Несмотря на отсутствие детей, их с Аароном брак был очень счастливым. Физически мужем и женой они стали только после рождения Михеля. Лизе-Лотта не получила тех наслаждений, которые неоднократно — и очень красочно живописала ей Эстер, но для Аарона телесное было важно и радостно, и Лизе-Лотта научилась получать удовольствие от его радости. А в духовном плане их супружество было — само совершенство, потому что Лизе-Лотта по-прежнему любила Аарона, как брата, а он любил и понимал ее, как никто на всем белом свете — даже больше, чем Эстер, ее подруга! Дружба Лизе-Лотты и Эстер пережила период испытаний, когда Эстер вдруг взялась ревновать Лизе-Лотту к своему ребенку. Она видела, как Лизе-Лотта обожает малыша, и постепенно чувство благодарности к подруге, спасшей ее честь, полностью исчезло из сердца Эстер, и ей уже казалось, что это Лизе-Лотта обязана ей, а не она — Лизе-Лотте. И Аарону пришлось расставить все по местам, отвесив сестре мощную оплеуху и обозвав ее весьма нехорошим словом на идиш… Лизе-Лотта не знала значения этого слова, но догадалась по реакции Эстер: она побледнела, покраснела, разрыдалась, попыталась ударить брата, а когда это не удалось — Аарон уворачивался от пощечин с ловкостью, отработанной годами, — Эстер, разобидевшись, убежала. Вернувшись через час, Эстер попросила прощения у Лизе-Лотты и впредь была мила и смиренна. И больше они не ссорились. Никогда.

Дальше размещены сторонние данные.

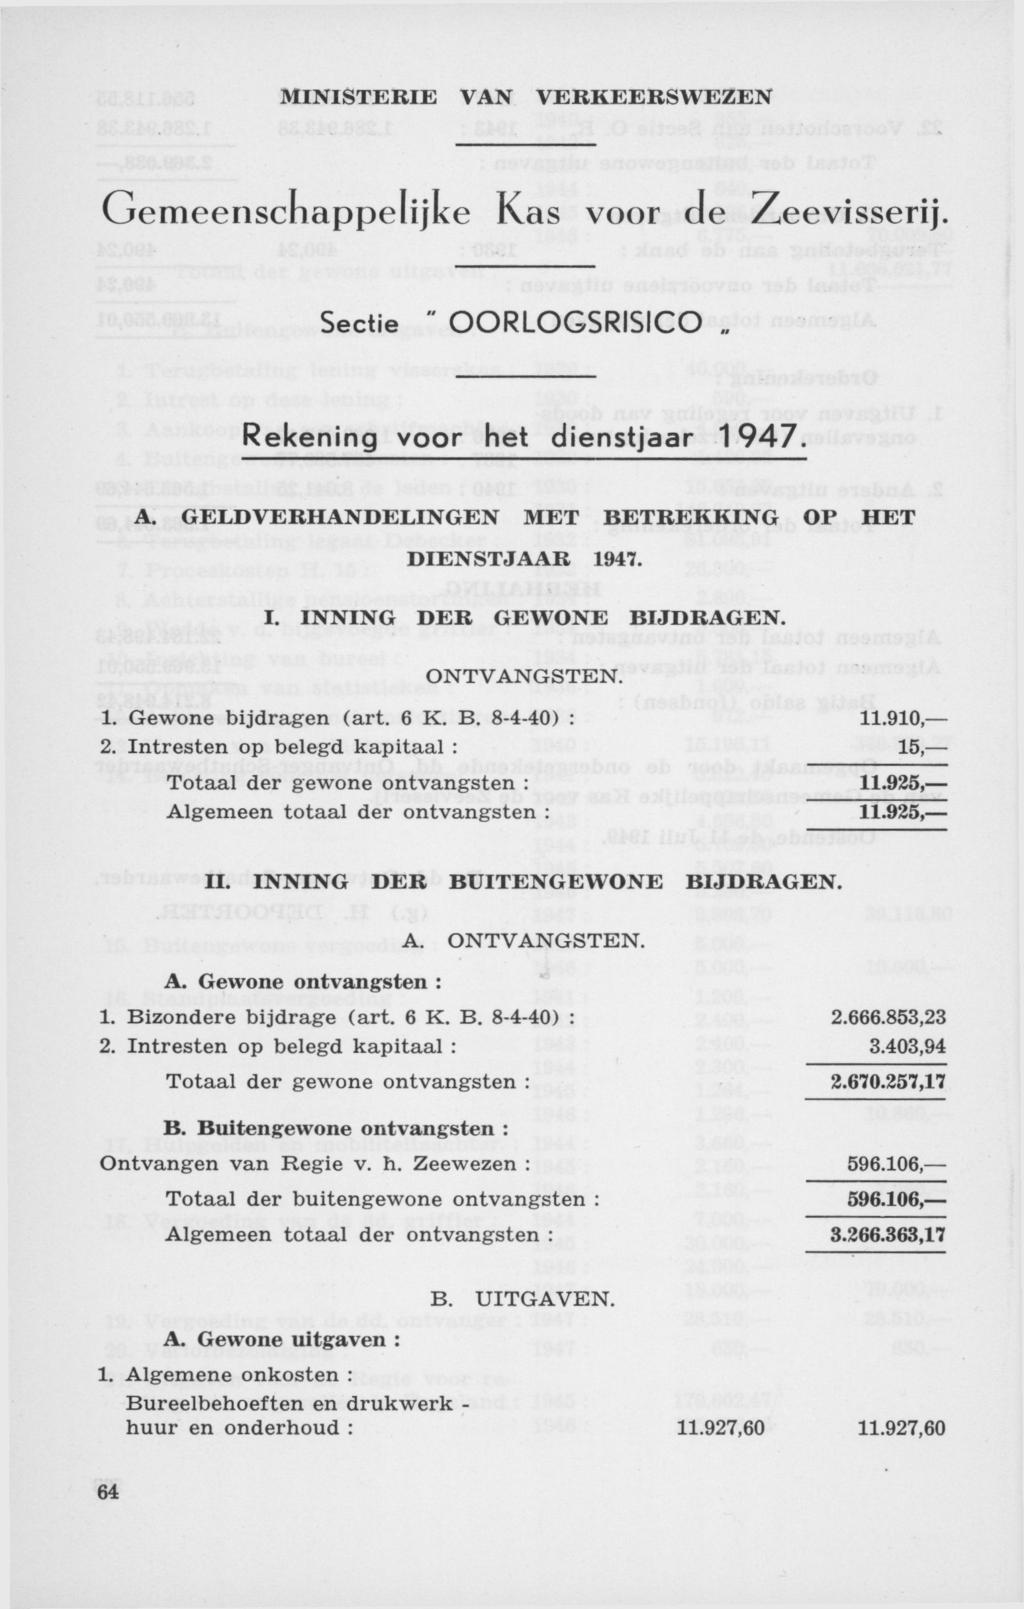 Gemeenschappelijke Kas voor de Zeevisserij. Sectie " OORLOGSRISICO Rekening voor het dienstjaar 1947. A. GELDVERHANDELINGEN MET BETREKKING OP HET DIENSTJAAR 1947. I. INNING DER GEWONE BIJDRAGEN.

Несмотря на то, что Михель был таким чудесным ребенком — здоровым, живым, непоседливым и разговорчивым настолько, что один он утомлял окружающих больше, чем их могли бы утомить десять обычных детей! — в общем, несмотря на все очевидные достоинства этого замечательного ребенка, Лизе-Лотта не переставала печалиться о том, что у нее нет своих детей. Она очень любила детей. Всегда. И ей хотелось самой познать это ощущение — когда внутри тебя зарождается и растет новая жизнь. Чтобы малыш брыкался ножками в ее животе, чтобы их сердца стучали совсем рядом… Эстер пыталась утешить ее, утверждая, что беременность — это боль и тошнота, а затем следуют роды еще худшая боль, а затем кормление, что тоже не очень-то приятно. Но Лизе-Лотта не утешалась. Ради собственного ребенка она готова была пережить любую боль… Михель звал ее мамой, но все-таки он не был собственным. И, несмотря на то, что он один утомлял ее больше, чем могли бы утомить десять детей — во всяком случае, так говорила его бабушка Голда — Лизе-Лотта все равно чувствовала какую-то пустоту в сердце. И пыталась заполнить ее, возясь со всеми знакомыми малышами.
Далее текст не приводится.